▶ INSTRUCTIONS FOR THE TASK
Could the data below be printed out exactly, with the pictures left out?

▶ DATA BELOW
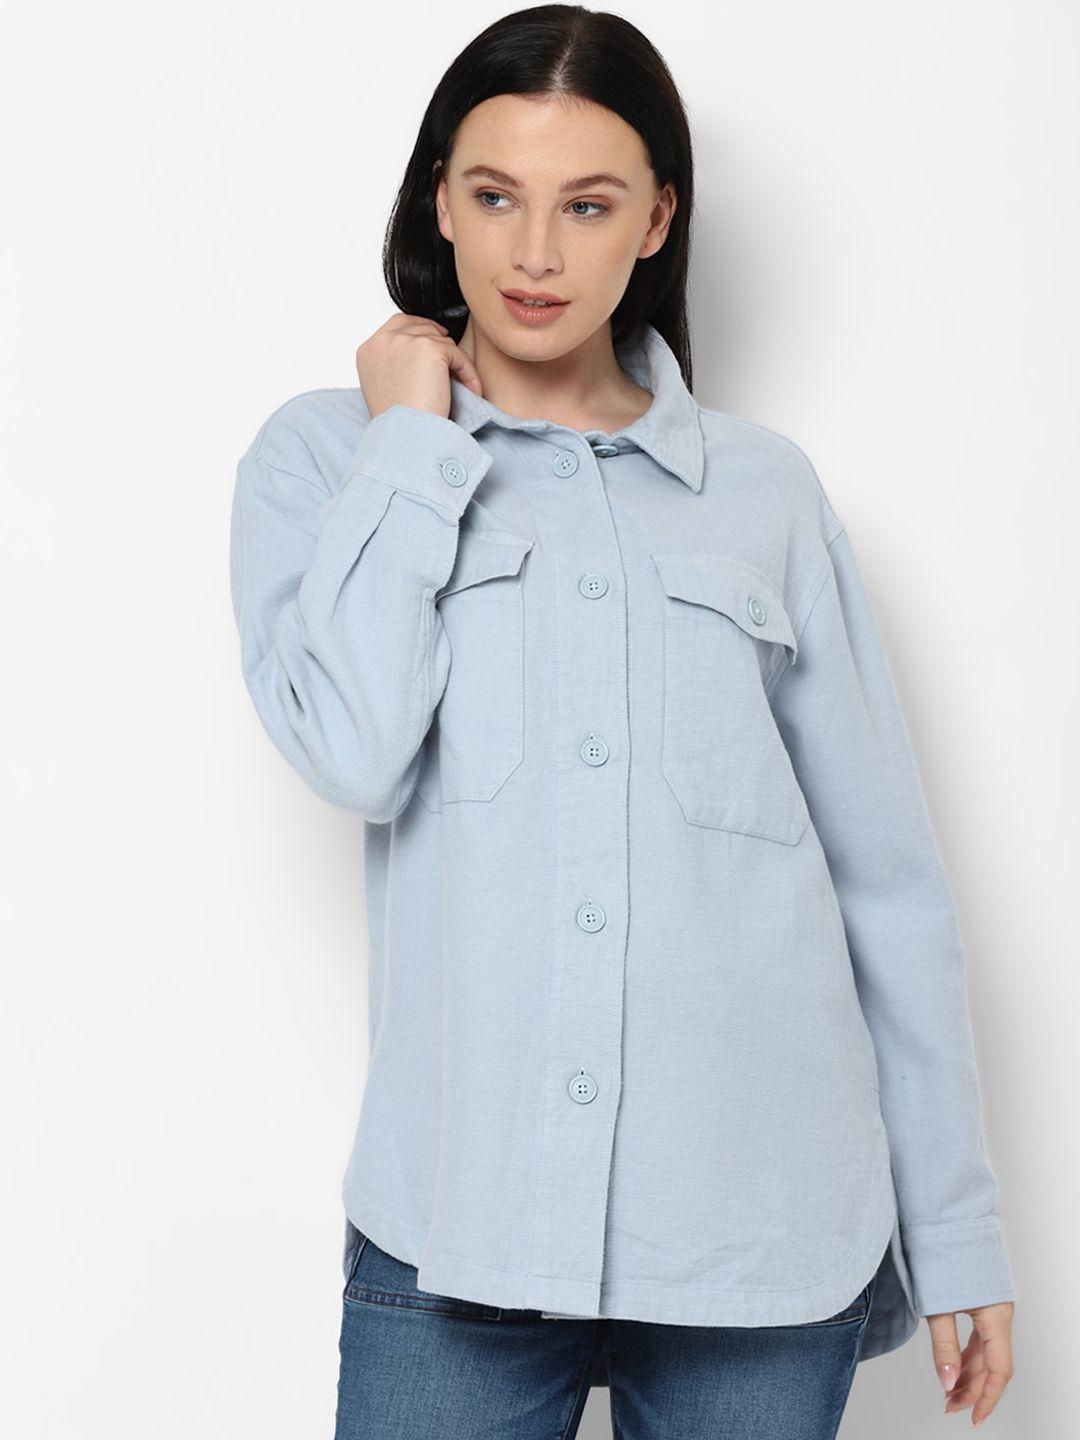 american-eagle-outfitters-women-blue-slim-fit-casual-shirt
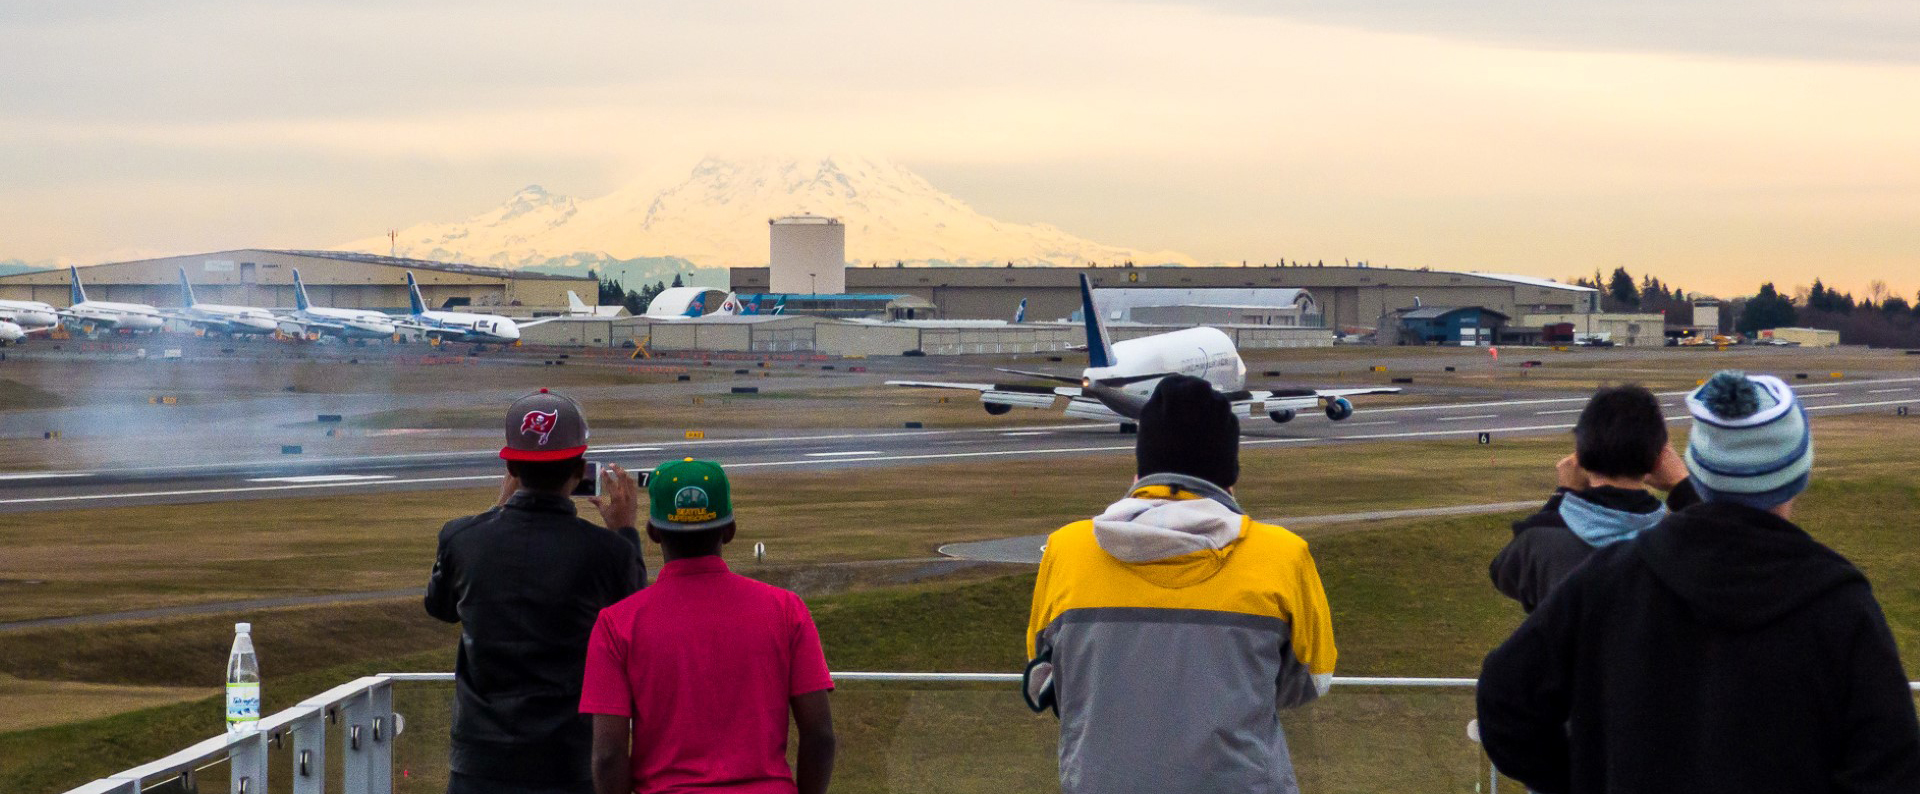 Visitors on the Future of Flight Strato Deck watch as a Dreamlifter lands at Paine Field. The Dreamlifter is specially designed to transport huge, prefabricated parts of the 787 Dreamliner that are manufactured elsewhere (such as the wings), and deliver them to Paine Field for final assembly. Joe Kunzler photo.
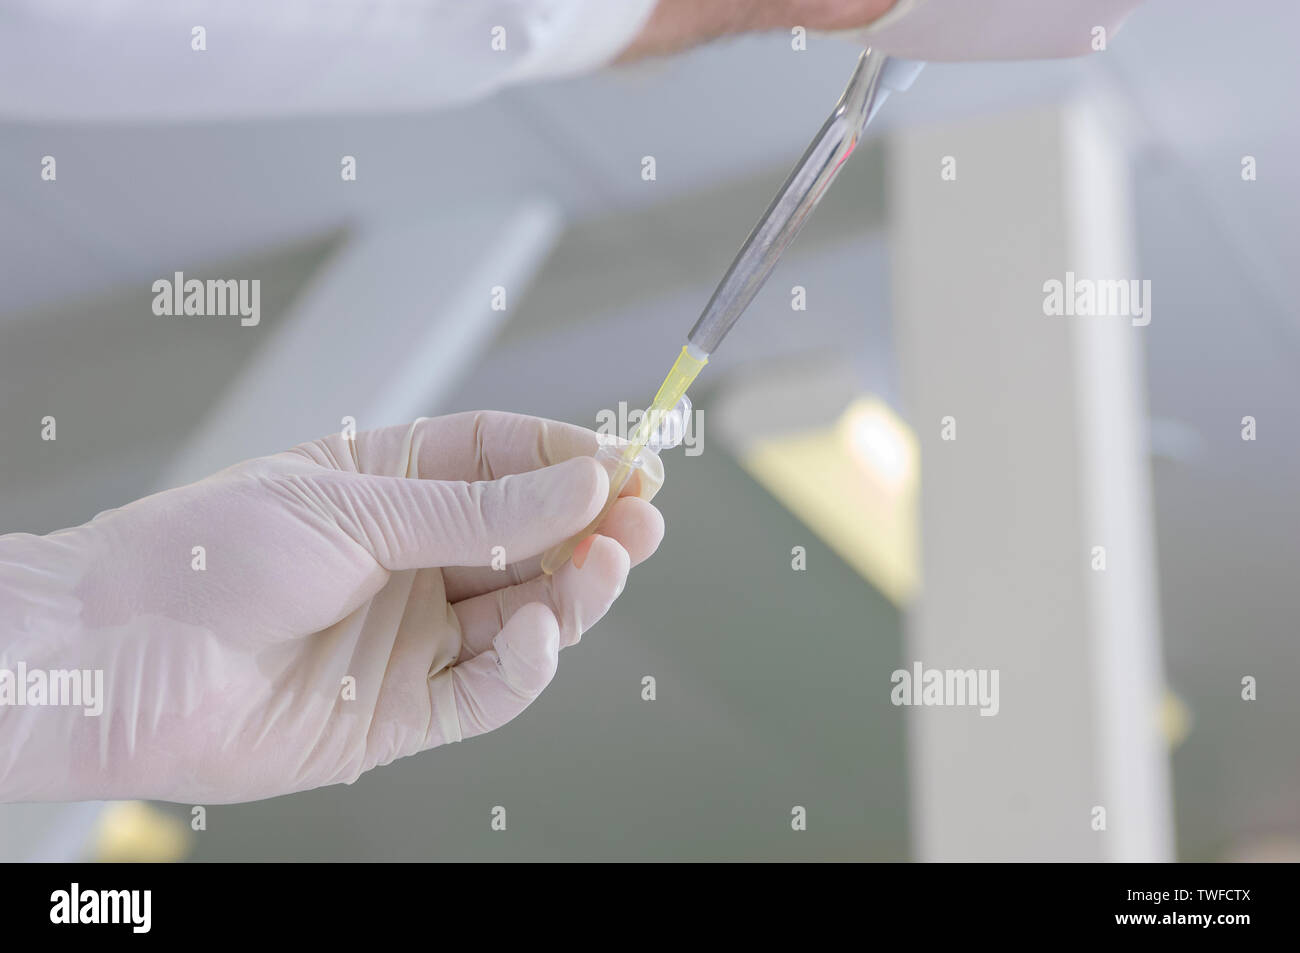 View of gloved hands in a science laboratory pipetting a sample. Stock Photo
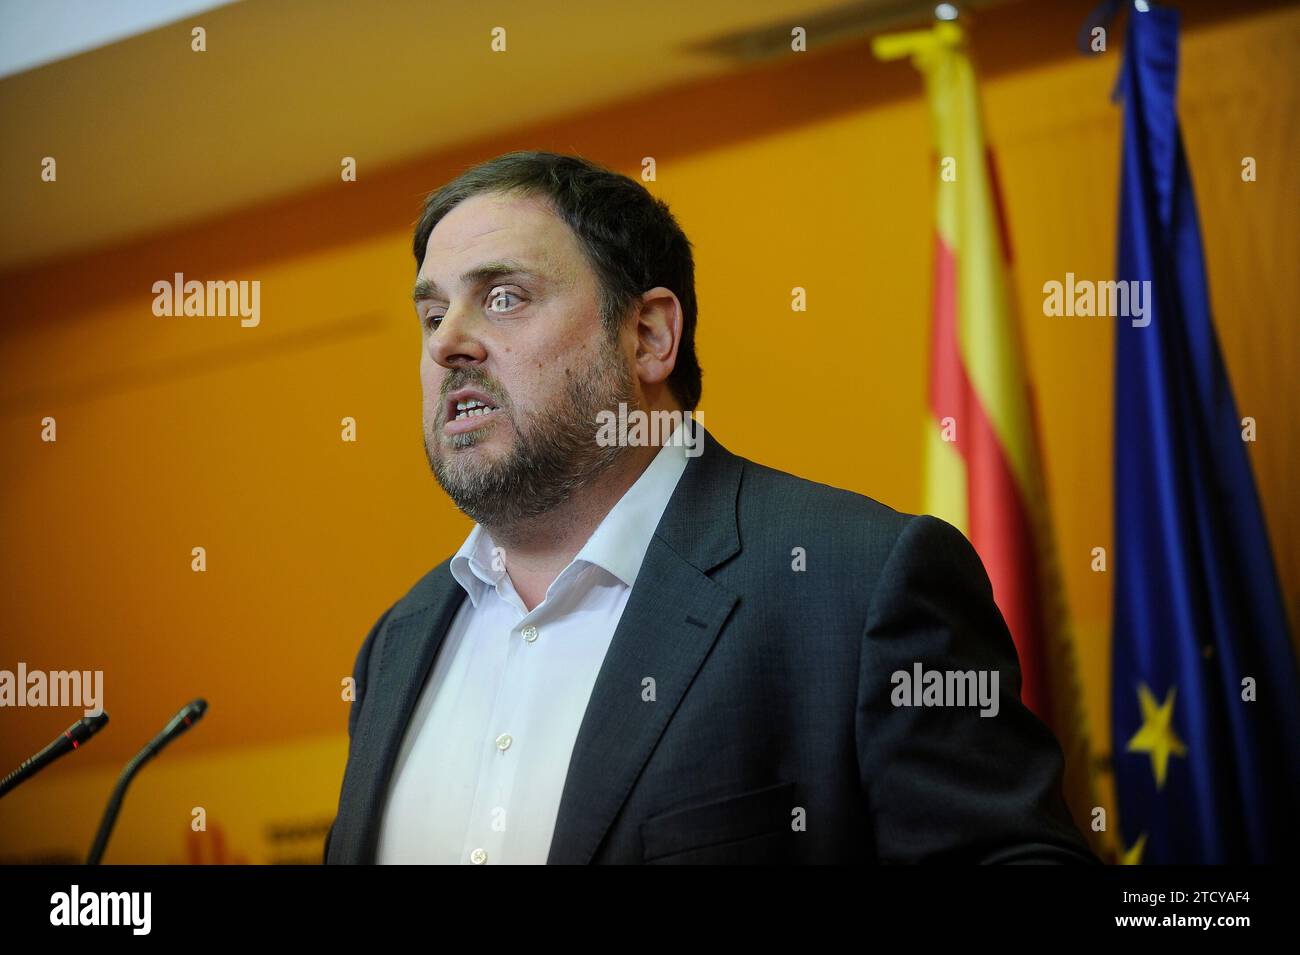 Barcelona, 01/04/2016. Press conference by Oriol Junqueras, after the extraordinary executive meeting of ERC. Photo: Ines Baucells ARCHDC. Credit: Album / Archivo ABC / Inés Baucells Stock Photo

▶ REPLY
 american-eagle-outfitters-women-blue-slim-fit-casual-shirt
 Visitors on the Future of Flight Strato Deck watch as a Dreamlifter lands at Paine Field. The Dreamlifter is specially designed to transport huge, prefabricated parts of the 787 Dreamliner that are manufactured elsewhere (such as the wings), and deliver them to Paine Field for final assembly. Joe Kunzler photo.
 View of gloved hands in a science laboratory pipetting a sample. Stock Photo
 Barcelona, 01/04/2016. Press conference by Oriol Junqueras, after the extraordinary executive meeting of ERC. Photo: Ines Baucells ARCHDC. Credit: Album / Archivo ABC / Inés Baucells Stock Photo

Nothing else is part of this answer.